Nachdem der Fundamentanker im Bergmassiv befestigt worden war, transportierte der Helikopter ein Turmstück nach dem anderen zur Bergstation Montenvers auf 1.913 m Höhe. Vier Monteure des Liebherr-Partners FT Montage und sechs Flugassistenten von Heliswiss International haben die Elemente aus der Luft entgegengenommen, durch Bolzen miteinander verbunden und sich so auf über 40 m Turmhöhe vorgearbeitet. „Die Montage war eine wahre Teamarbeit, die ohne gegenseitiges Vertrauen nicht möglich gewesen wäre“, sagt Guillaume Riband, Betriebsleiter Frankreich Zentrum-Ost von Vinci Construction France. „Alle haben an einem Strang gezogen und die Herausforderung dadurch gemeistert.“
Für diesen schwierigen Einsatz gewann FT Montage sogar den Preis für die Montage des Jahres, der jährlich von der CPMDG (Fachkommission für Berufe und Geräte des Turmdrehkrans) des DLR-Verbands vergeben wird. Dank einer passenden Kranauswahl, guter Vorbereitung und eines eingespielten Teams klappte der Kranaufbau am Mont Blanc reibungslos in rund acht Stunden. Für die Anlieferung aller Kranteile und Turmsysteme flog der Kamov KA 32 A11 BC, ein leistungsfähiger Schwerlasthelikopter, an diesem Tag 30-mal hin und her. Der Lagerort wurde so gewählt, dass ihn Lastwagen gut anfahren konnten und ausreichend Fläche zu Verfügung stand. Die Wahl fiel auf ein Gebiet in Chamonix am Fluss Arveyron, etwa 3,5 km von der Bergstation Montenvers entfernt. Die relative kurze Entfernung half, die Flugzeiten und damit die Tankvorgänge möglichst gering zu halten.

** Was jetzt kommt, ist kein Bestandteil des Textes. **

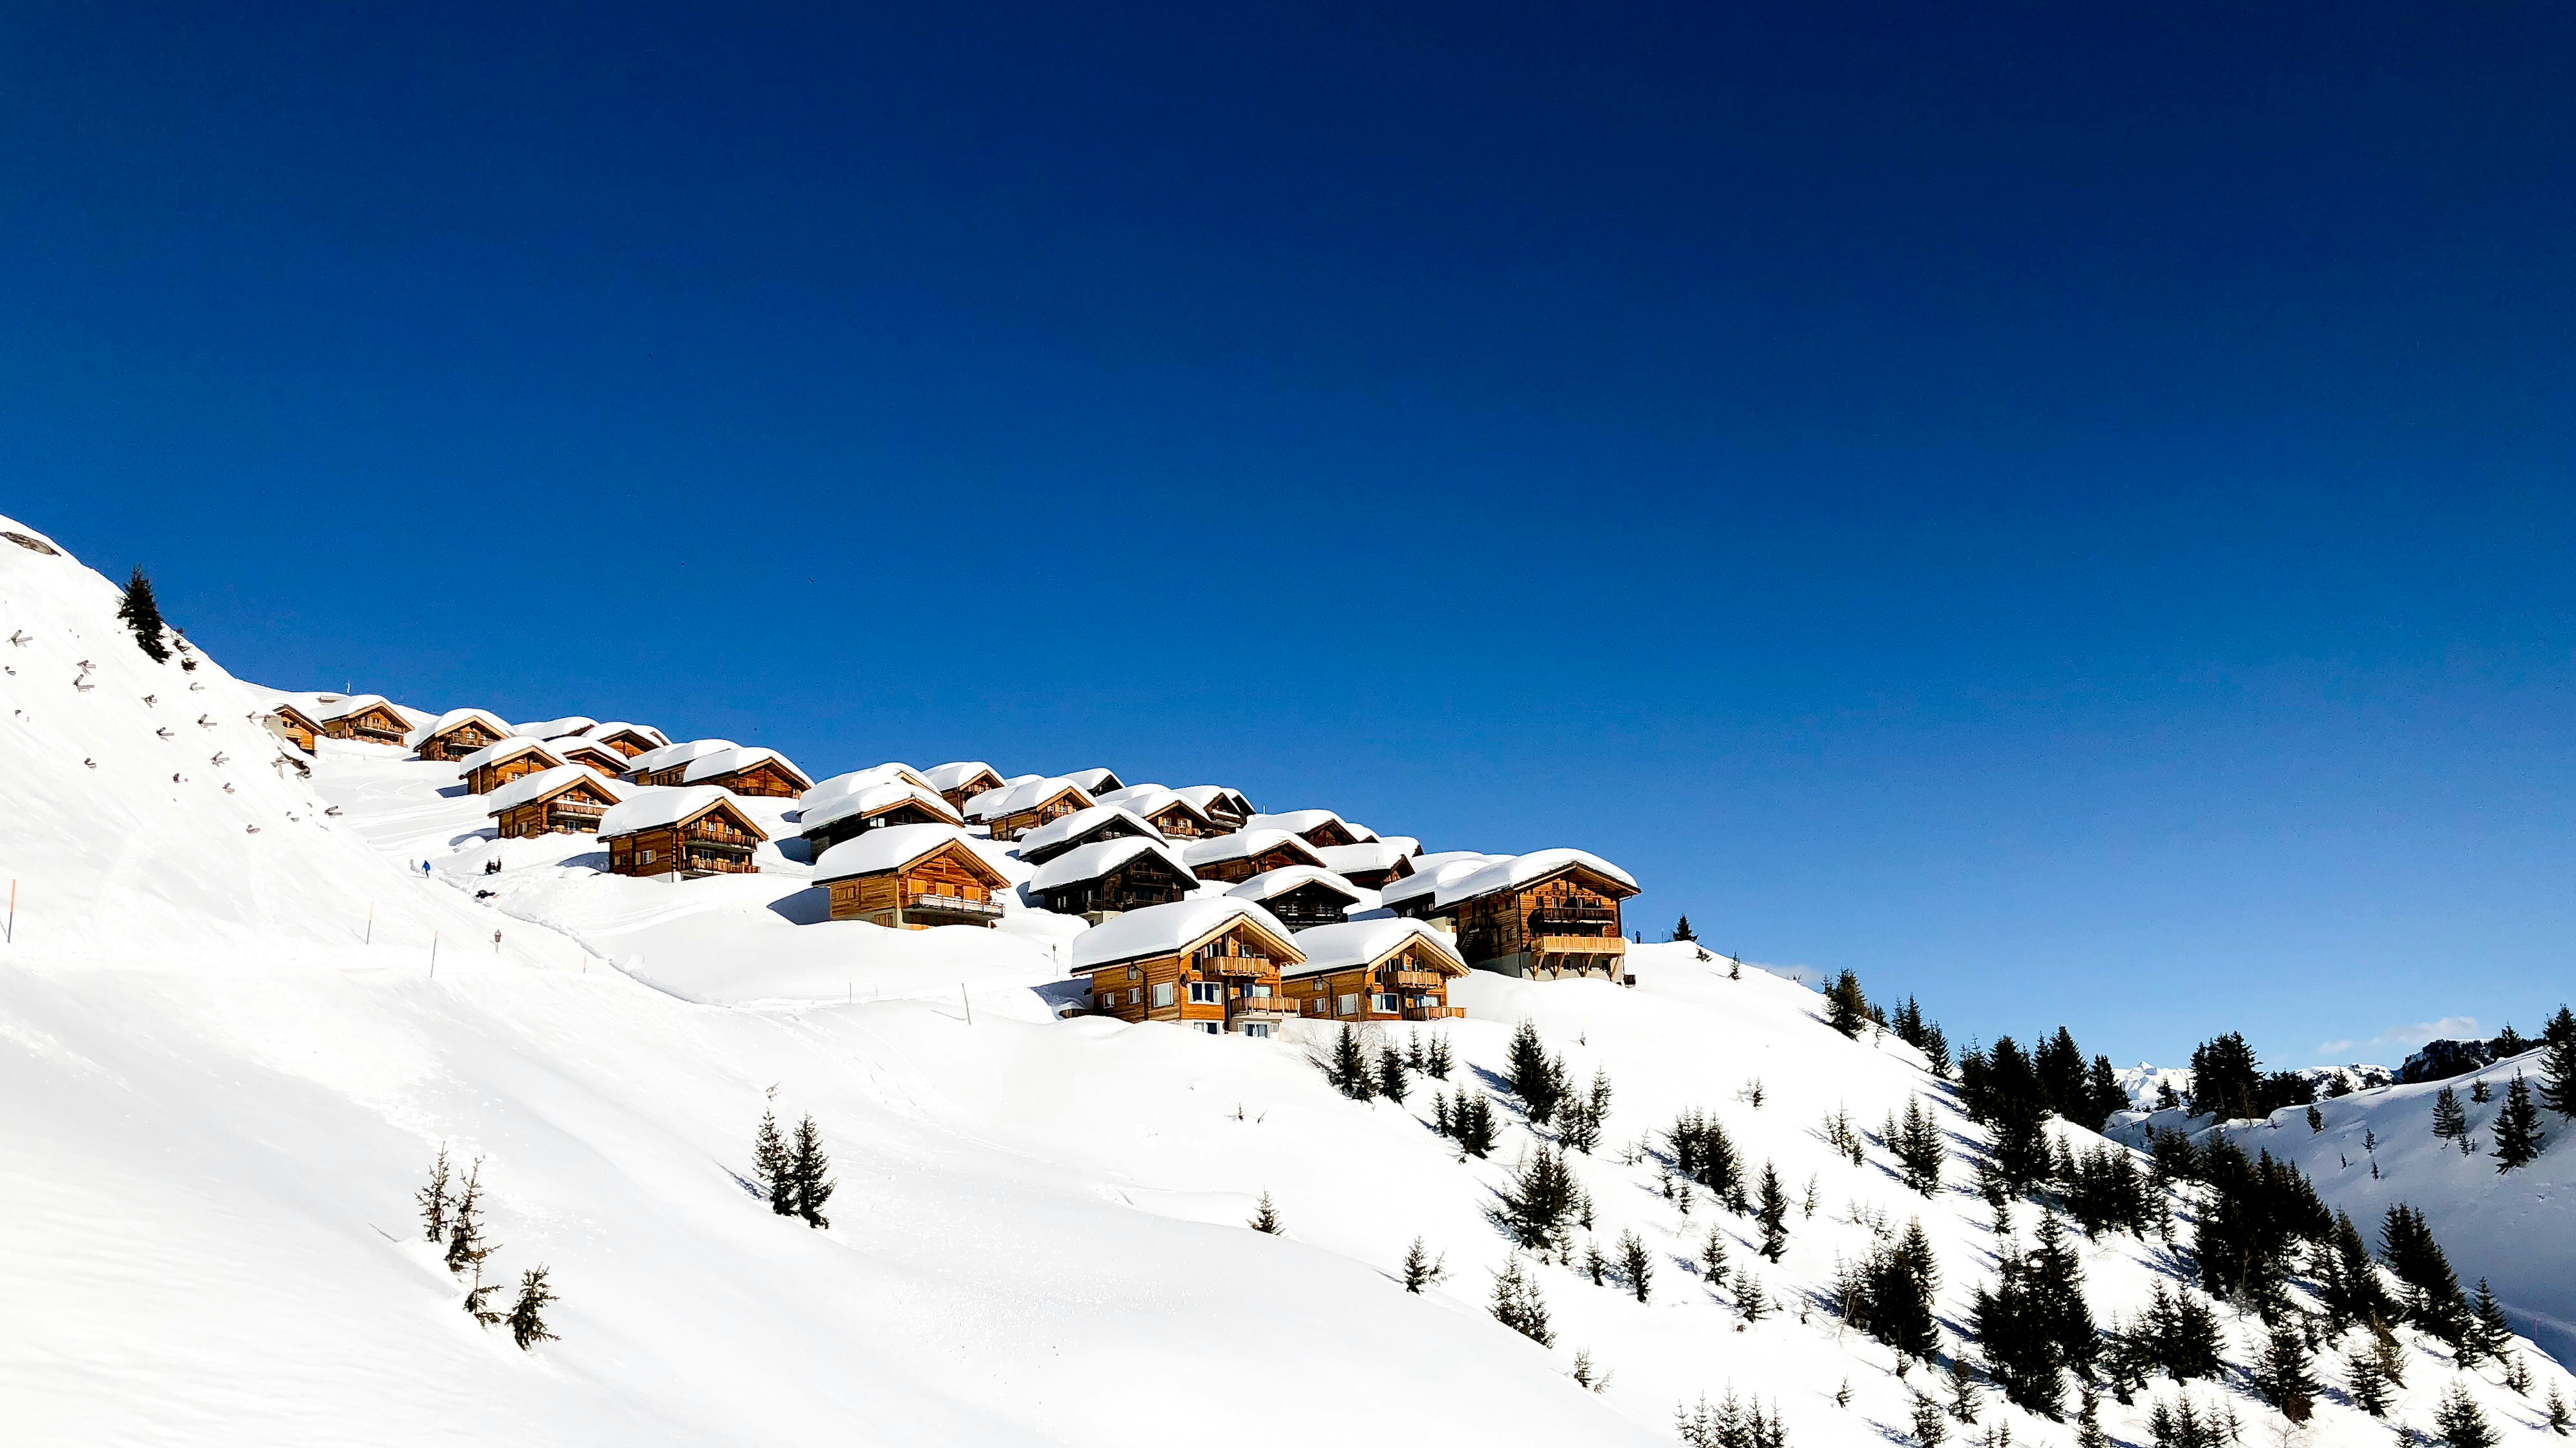 snow covered mountain with houses and trees during daytime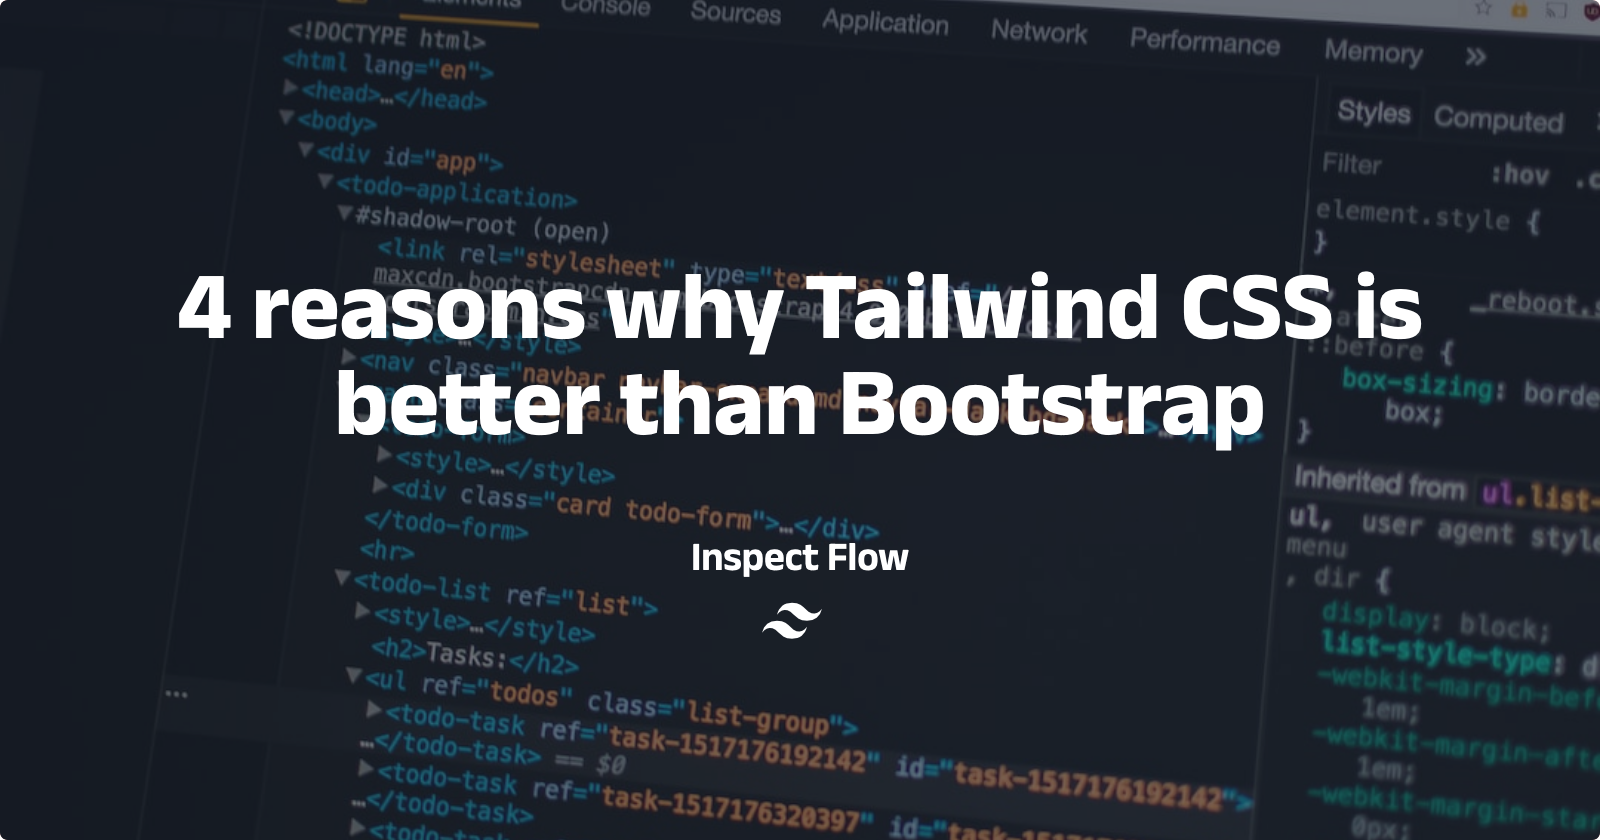 4 reasons why Tailwind CSS is better than Bootstrap Image

Für Heliswiss International und Liebherr war es nicht die erste erfolgreiche Helikoptermontage. 2015 brachten sie per Hubschrauber einen Flat-Top-Kran 150 EC-B 6 zum Bau der neuen Eibsee-Seilbahn auf die Zugspitze. In 2.975 m Höhe markierte dieser Kran damals Deutschlands höchste Baustelle. Ganz so hoch hinaus geht es für 150 EC-B 8 in Frankreich zwar nicht, aber auch dort herrschen in den Wintermonaten Minustemperaturen im zweistelligen Bereich. Für Liebherr-Turmdrehkrane kein Problem – sie sind dafür ausgelegt.
Steckbrief
Am Mer-de-Glace-Gletscher im französischen Mont-Blanc-Gebiet soll künftig ein internationales Gletscher- und Klimainterpretations-Zentrum Schüler, Touristen und Einwohner noch besser für die Auswirkungen des Klimawandels sensibilisieren und ihnen die mit der globalen Erwärmung verbundenen Phänomene verständlich machen. Das neue Glaciorium kostet inklusive der neu gestalteten Seilbahnstation Montenvers mehr als 50 Mio. Euro und soll im Dezember 2024 fertiggestellt werden. Der Eingriff in die Natur wird dabei so gering wie möglich gehalten: Bei Energieverbrauch und Abfallentsorgung erfüllt das Projekt hohe Standards.